Information →
——
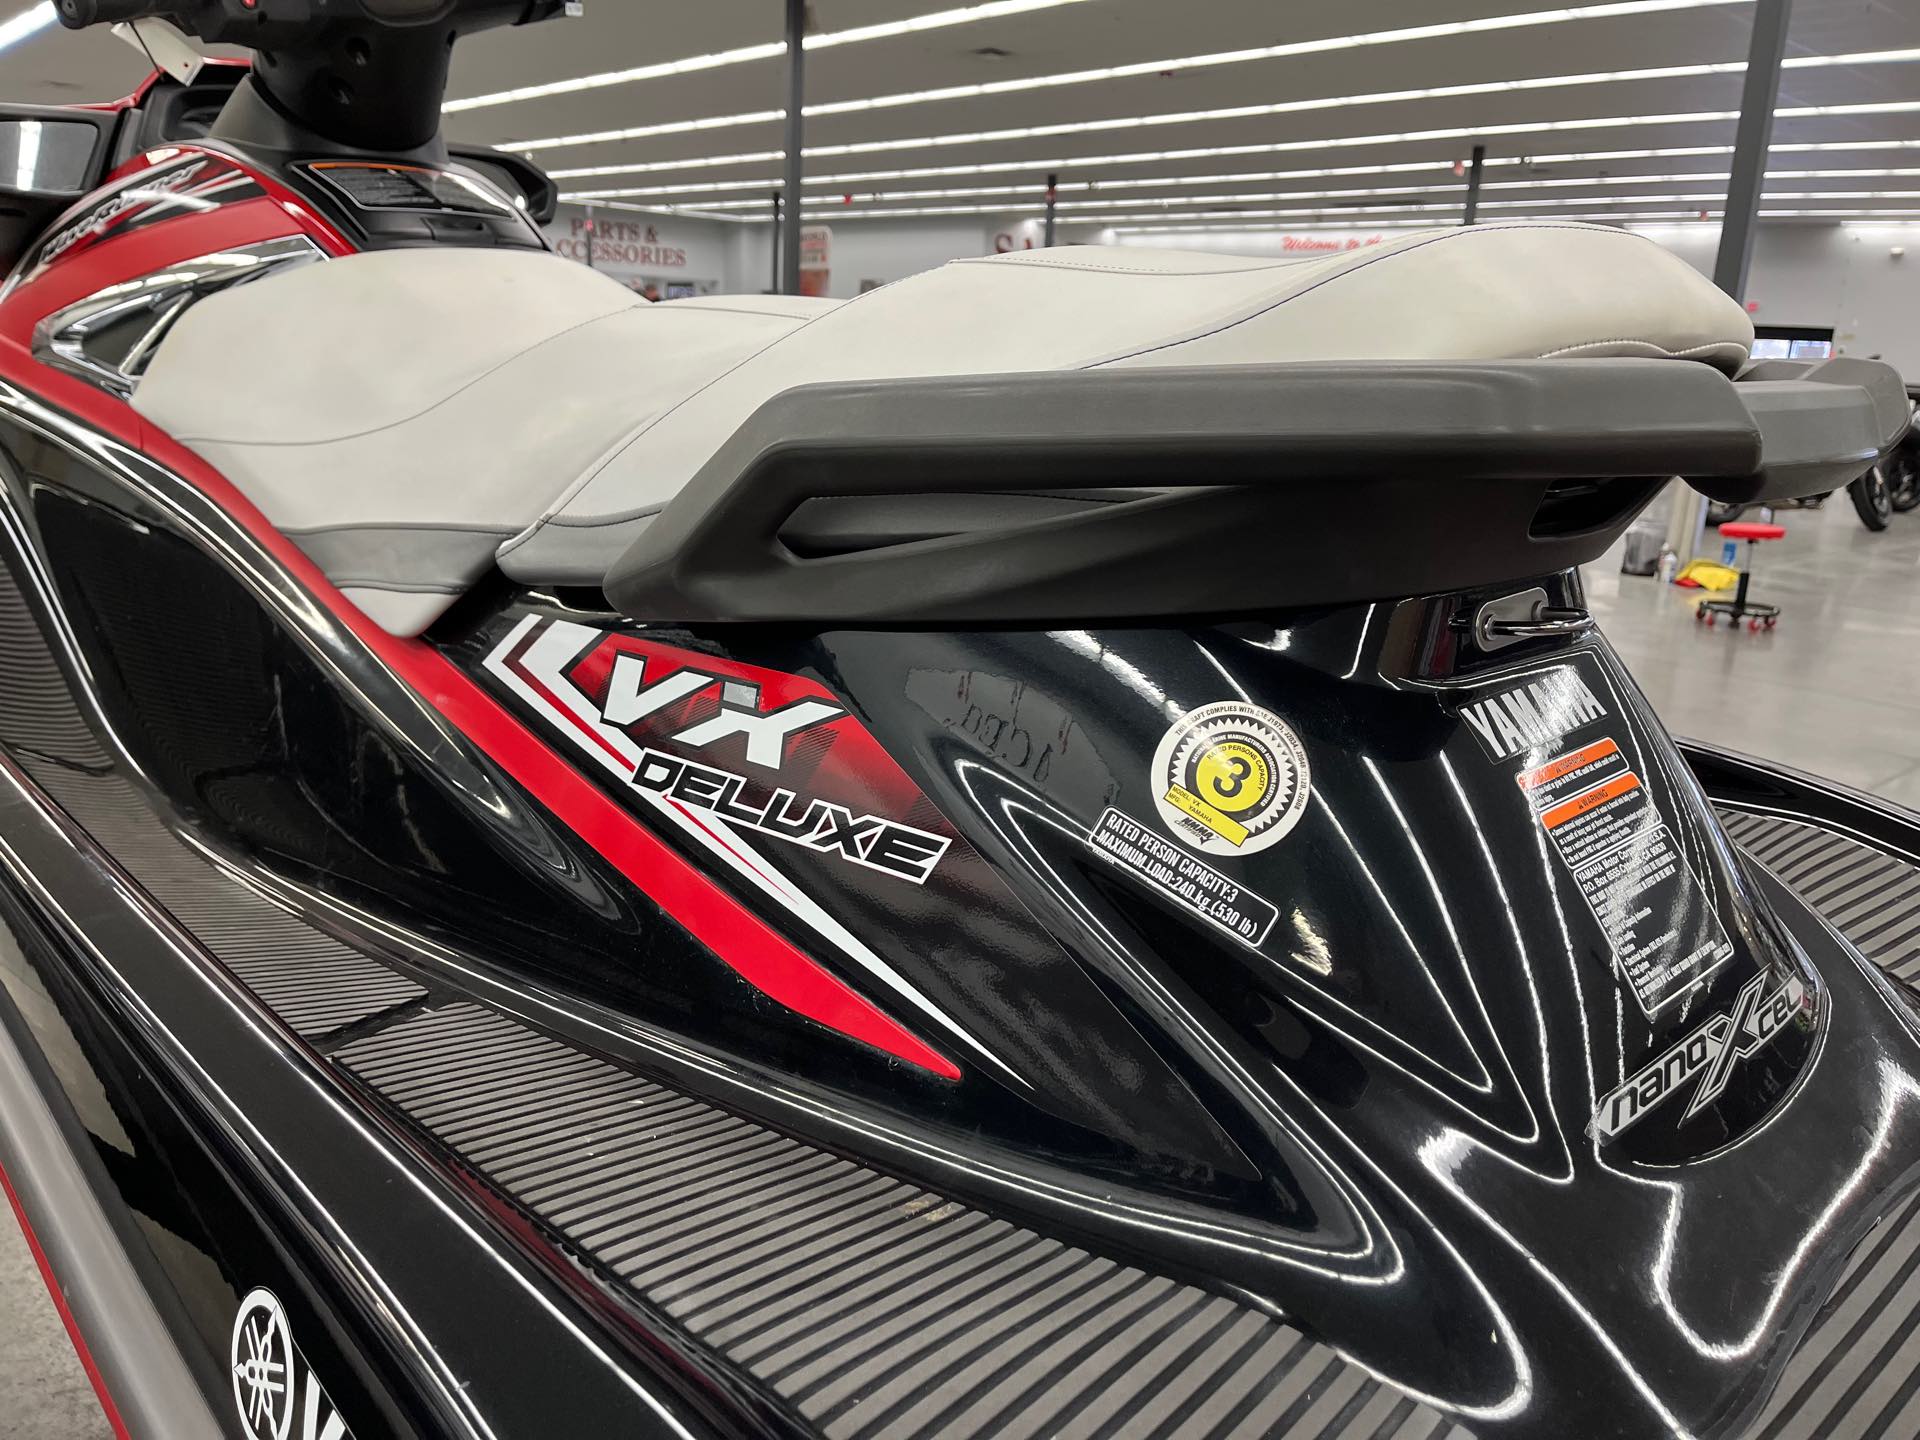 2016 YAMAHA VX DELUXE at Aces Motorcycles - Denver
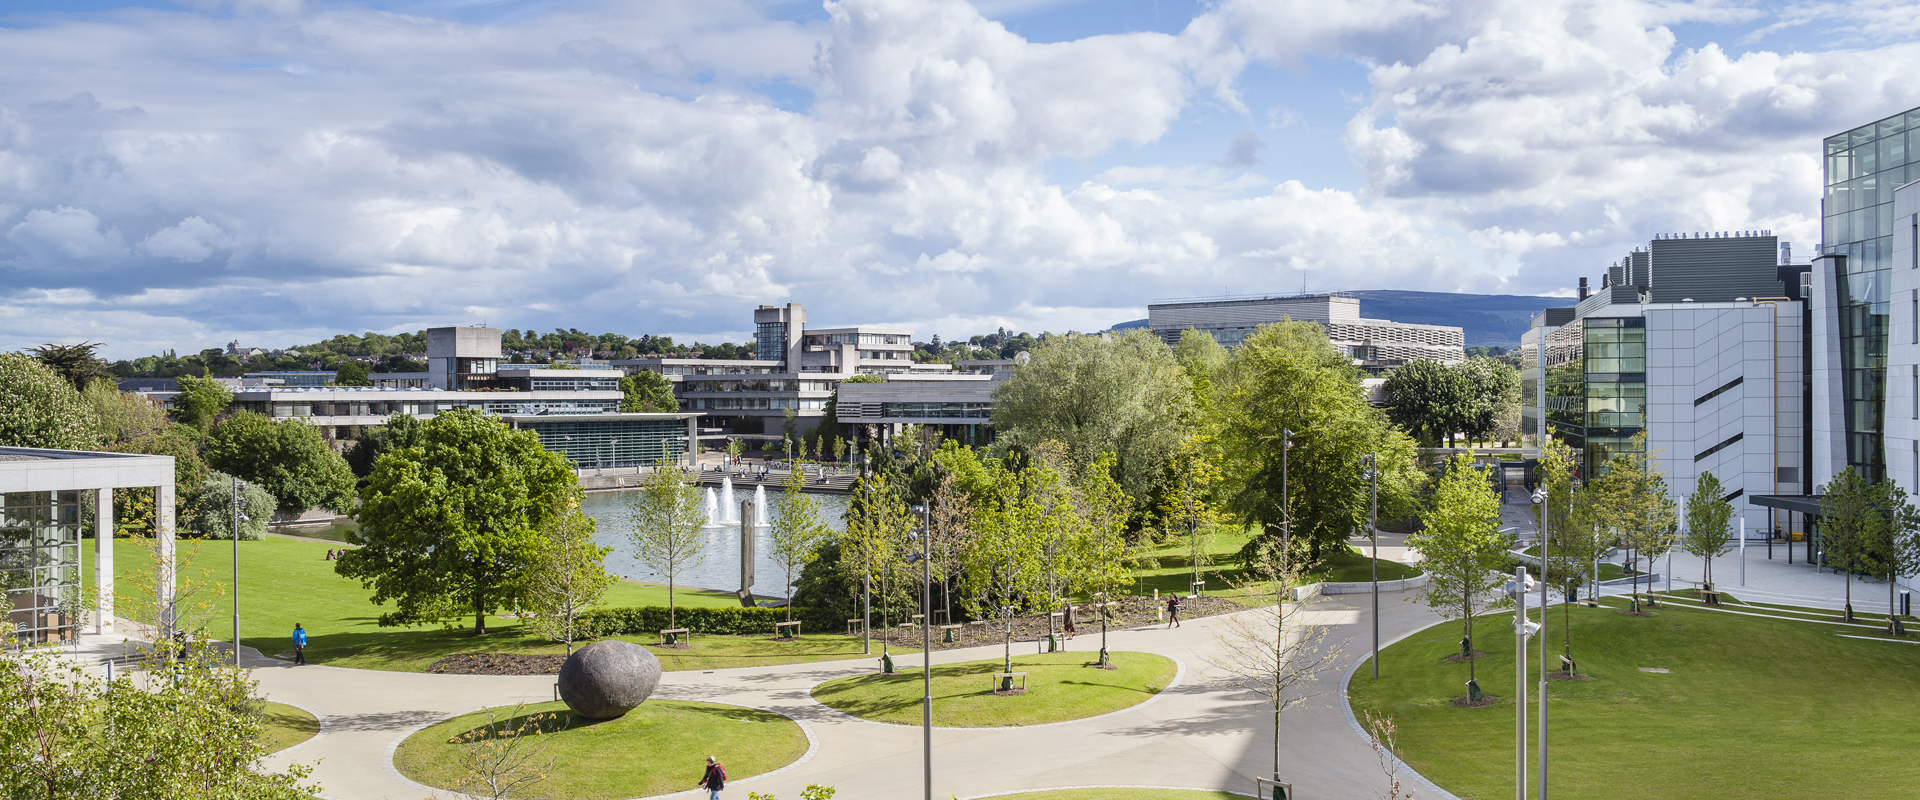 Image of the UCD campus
——
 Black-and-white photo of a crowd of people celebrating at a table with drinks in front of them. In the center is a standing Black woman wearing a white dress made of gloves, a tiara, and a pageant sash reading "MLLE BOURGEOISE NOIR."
——
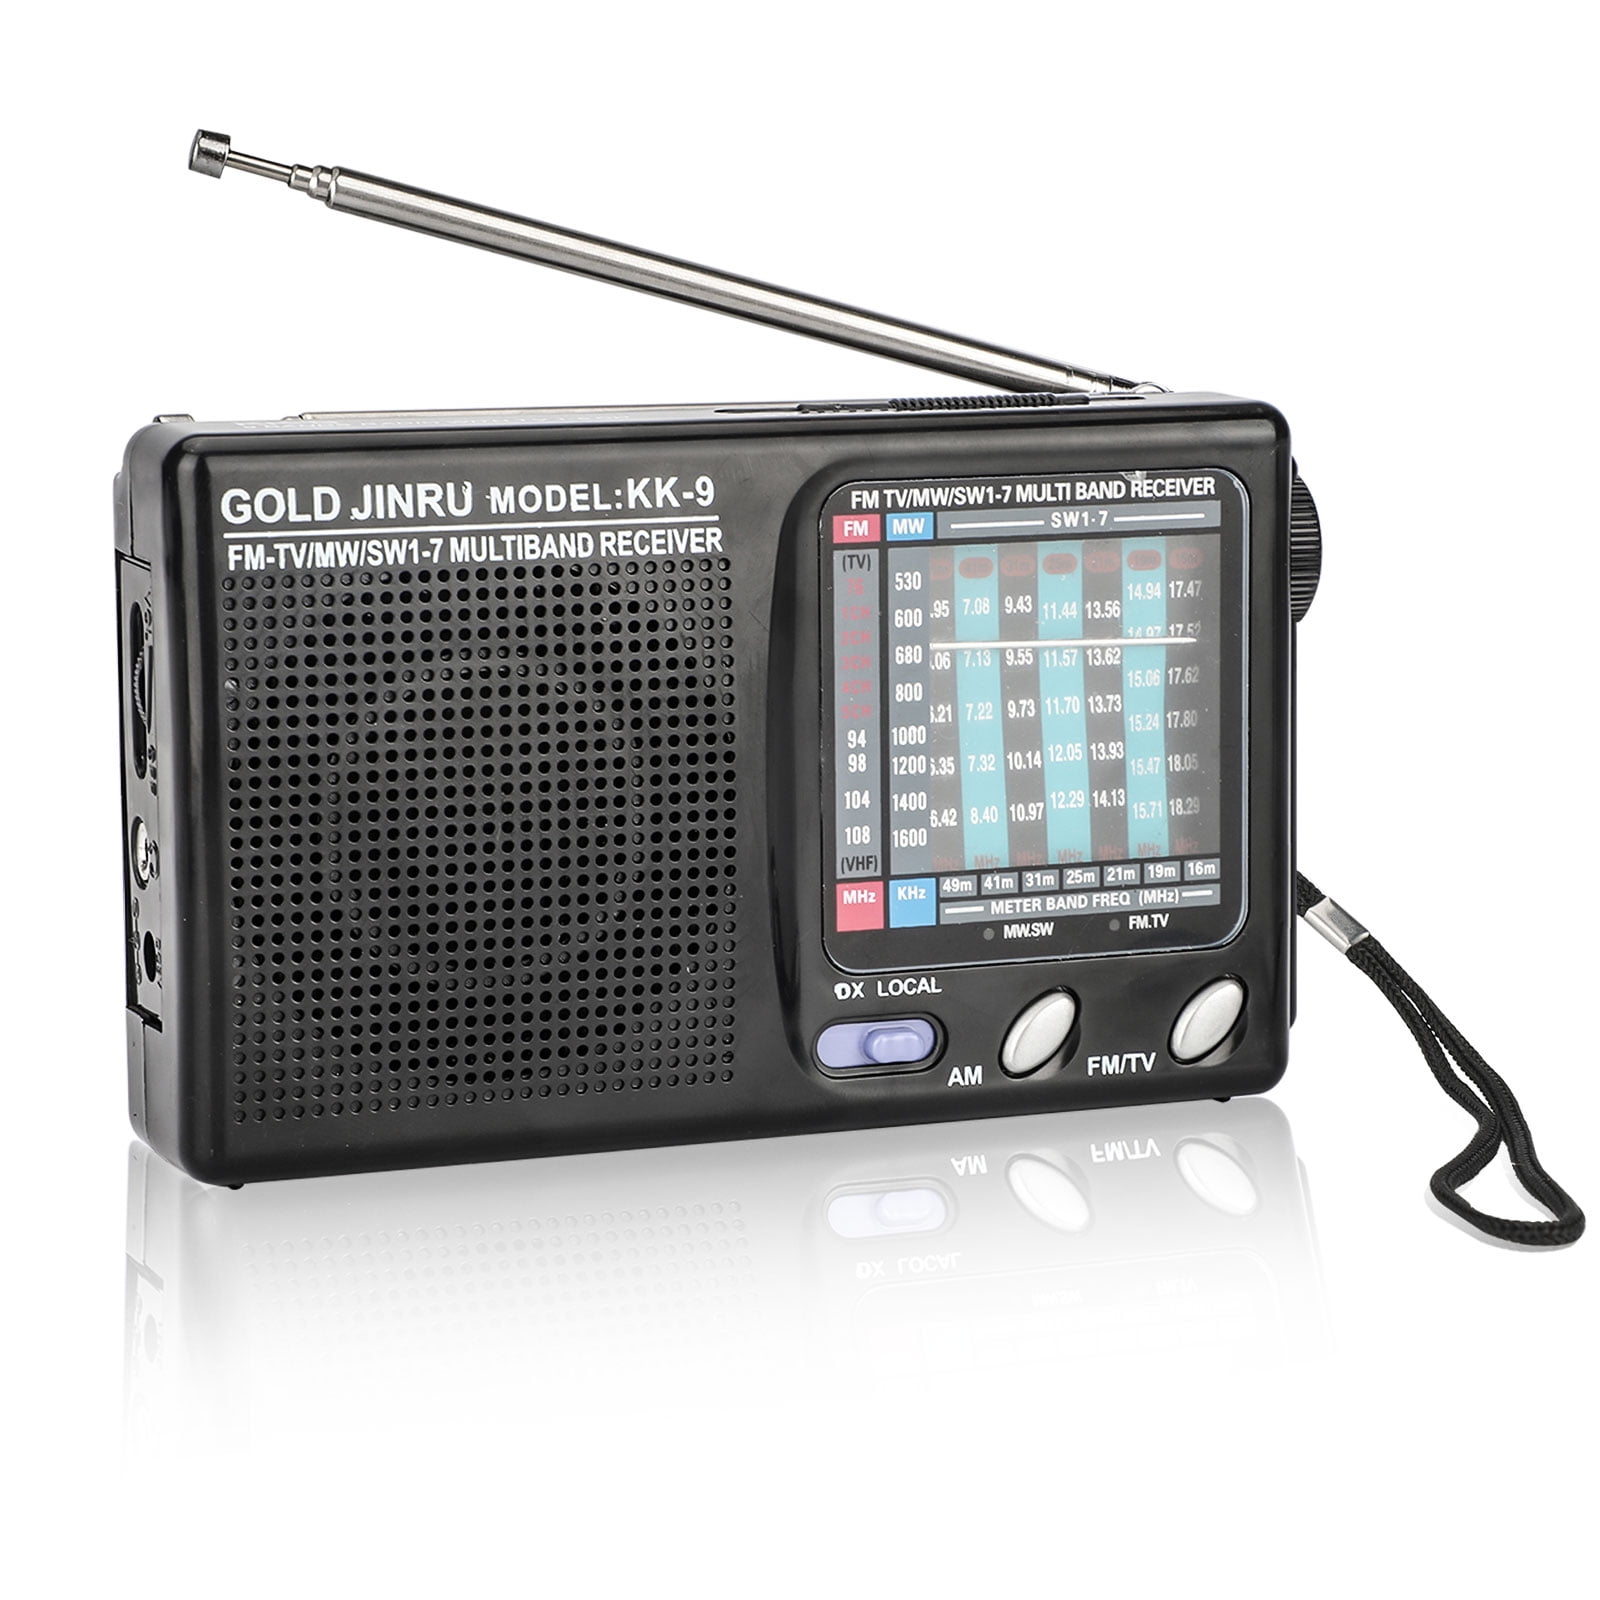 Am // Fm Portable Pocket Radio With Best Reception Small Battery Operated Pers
——
Assignment →
Among the records above, locate the line containing "2016 YAMAHA VX" and the line containing "Image of the UCD campus", then transcribe exactly the lines starting at the first and ending at the second, with no pictures.

Solution to the problem →
 2016 YAMAHA VX DELUXE at Aces Motorcycles - Denver
 Image of the UCD campus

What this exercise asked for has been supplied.